The contemporary visual analysis of urban space reveals a great deal, specifically when the process is repeated over time. Longitudinal studies carried out in particular sites or with specific communities help to better frame our understanding of an environment. These long-term investments enable researchers to collect data, which might not be immediately noticed, allowing for connections in spatial, social and cultural practices to be drawn out, becoming visible over weeks, months or years depending on the scale of the project. Moreover, these studies are useful data-sets when a space succumbs to dramatic social and economic change.

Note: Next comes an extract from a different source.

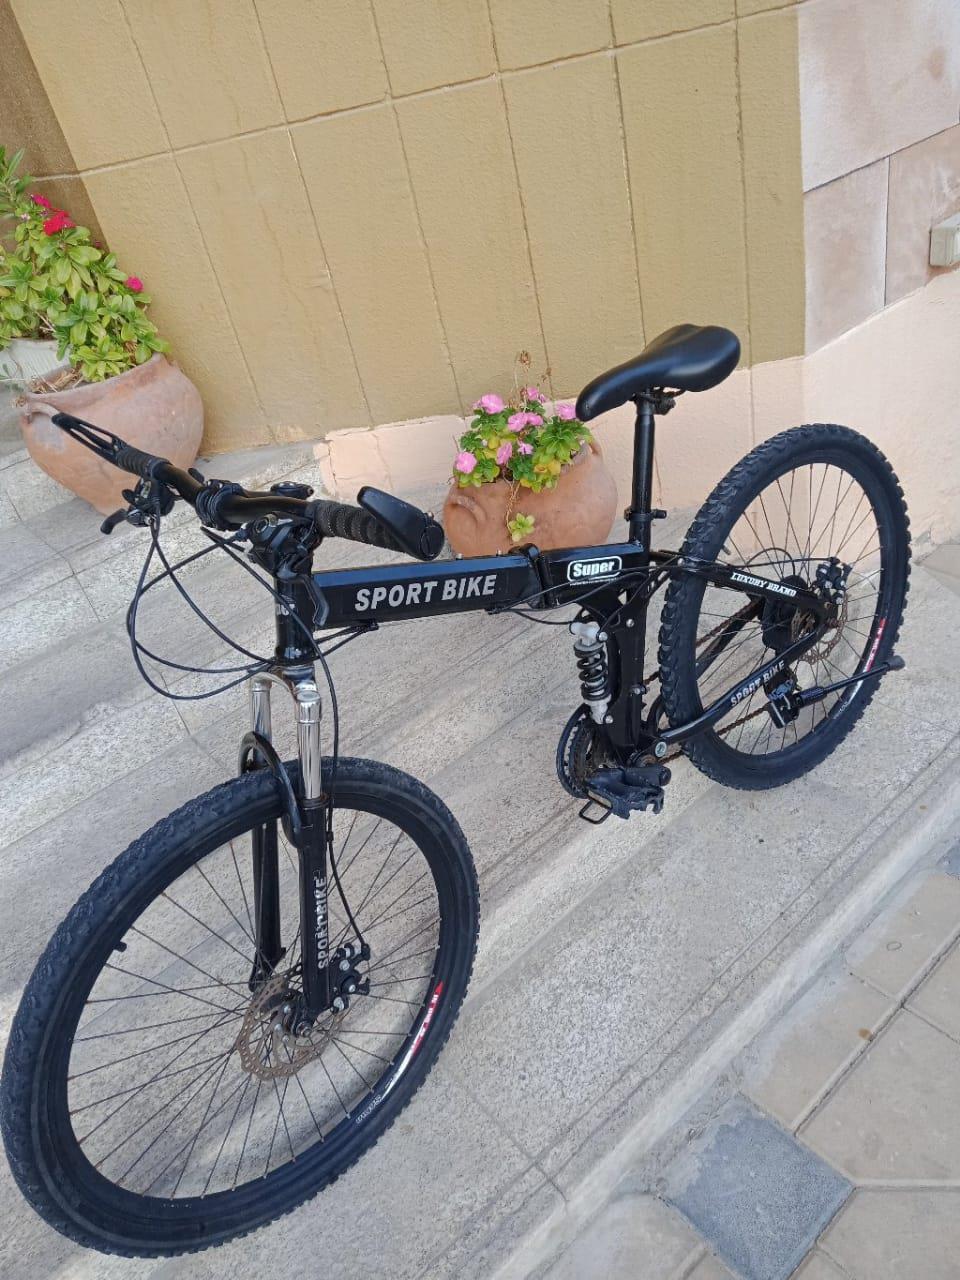 Super sport folding MTB 26in bike for sale in Dubai - Image 2

Focusing on the rapidly gentrified inner-city residential areas of Miles Platting and Ancoats in Manchester, UK, this paper outlines a qualitative approach to ethno-spatial research that explores how future stakeholders shape, present and visually exclude aspects of an environment in order to create their own utopic narratives. Using my own ‘researcher-produced-images’ (Pauwels, 2008) that form part of a more extensive photographic survey (Krase and Shortell, 2014), I will examine through comparison, how users of a popular online forum of soon-be homeowners actively exclude the existing and dilapidated inner city housing stock that surrounds their own future residence.

Through regular visits to the construction site, forum-users/homeowners actively document and upload the on-going development of the area. Consistently uploading tightly framed shots of their future house or street, each user engages in a form of visual exclusion. By doing so, I argue that each user enacts a form of self-induced scotoma to the community already present.